Monday, May 28, 2007

White Noise

It happened again the other night.
There was a trance-night on campus and I was so keen on going that I went ahead to the party even though I didn't know anyone who was going and my boyfriend categorically refused to go. (Understandably, anyone who does not like to dance as much as I do is bored when they go out with me, since I get so immersed in my dancing.)
It took a while for me to get 'into it', several times I thought myself silly for being so compelled to go and walked to the door. Several times I just stood in the smoking section of the club and lit up, because I thought people would think me incredibly silly, just standing around alone on the dancefloor, too shy to dance. (Me. Too shy to dance. God, what's happening to me!!)
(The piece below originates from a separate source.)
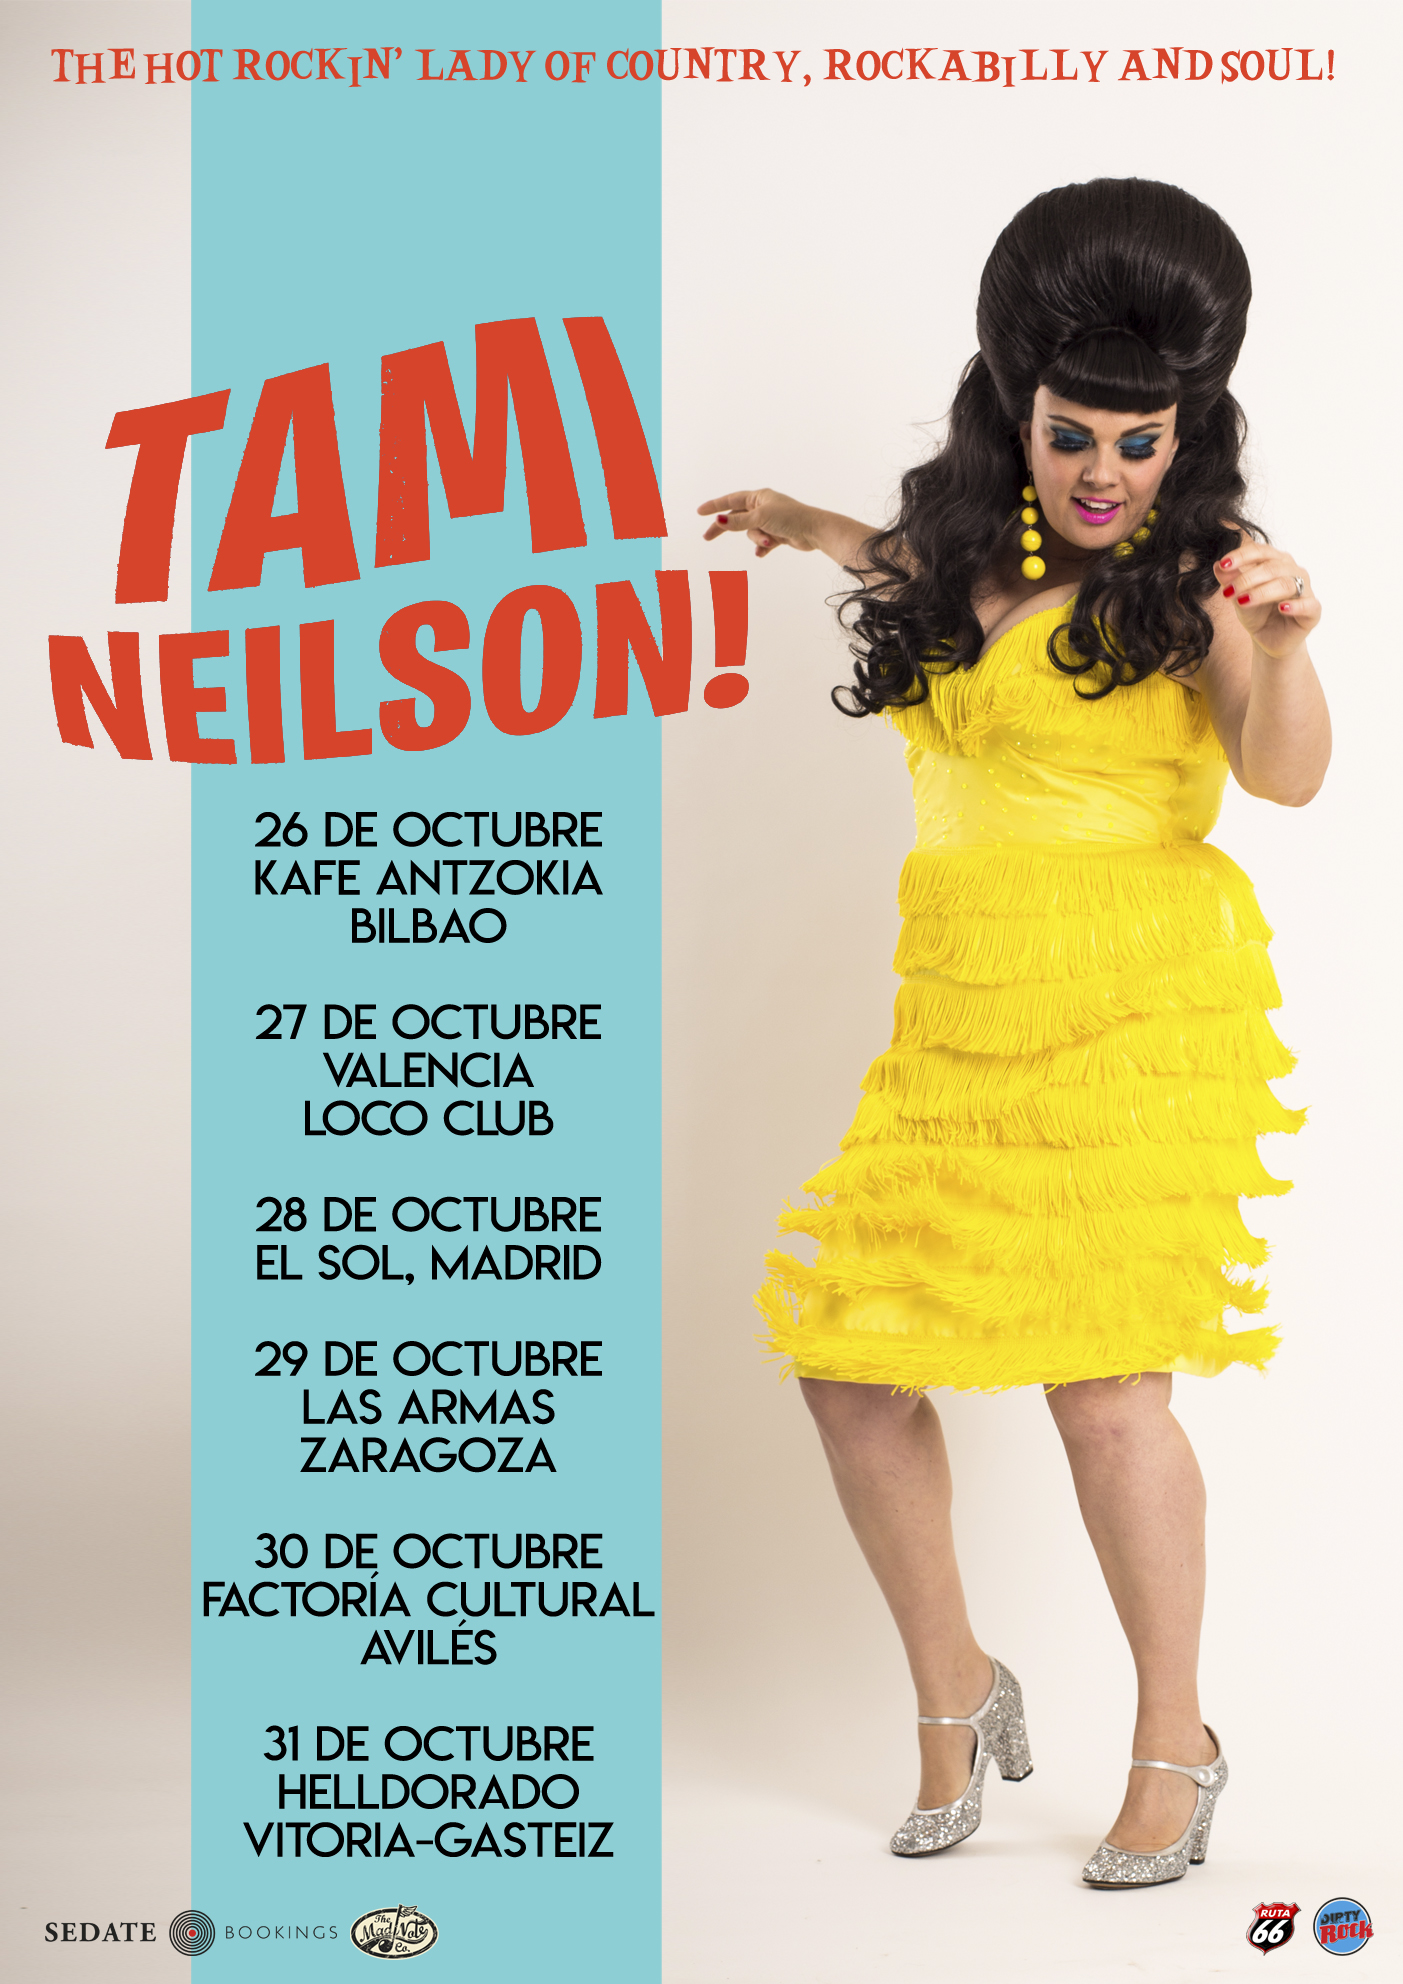 Tami Neilson anuncia concierto en la Factoría Cultural para el 30 de octubre

The music wasn't helping. Trance is wonderful stuff, I think, when it's not trampled all over my mind-numbingly boring, repetitive beats. I like variation. I like unpredictability. I like drama, crescendos, random ribbons of flute music tying heavy rhythm into featherweight packages. I like flying on undulating currents, so that it feels like my body is somehow having to predict the music. The thrill is entirely lost when the music is so predictable that my bodymind has to do no thinking whatsoever.
But I digress: this was not meant to be an exposition on 'What is good trance?'

So. Picture me: alone, dolled-up, feeling silly, feeling alone. I really wanted to dance. I really wanted to know some people - dancing is more fun, and more of a challenge, when you have an audience, I think. Friends who can also dance, who can out-dance you. Even though it is such an intensely personal inner journey, my best dancing has always happened when there are people watching you, clapping encouragement as you fly higher and higher.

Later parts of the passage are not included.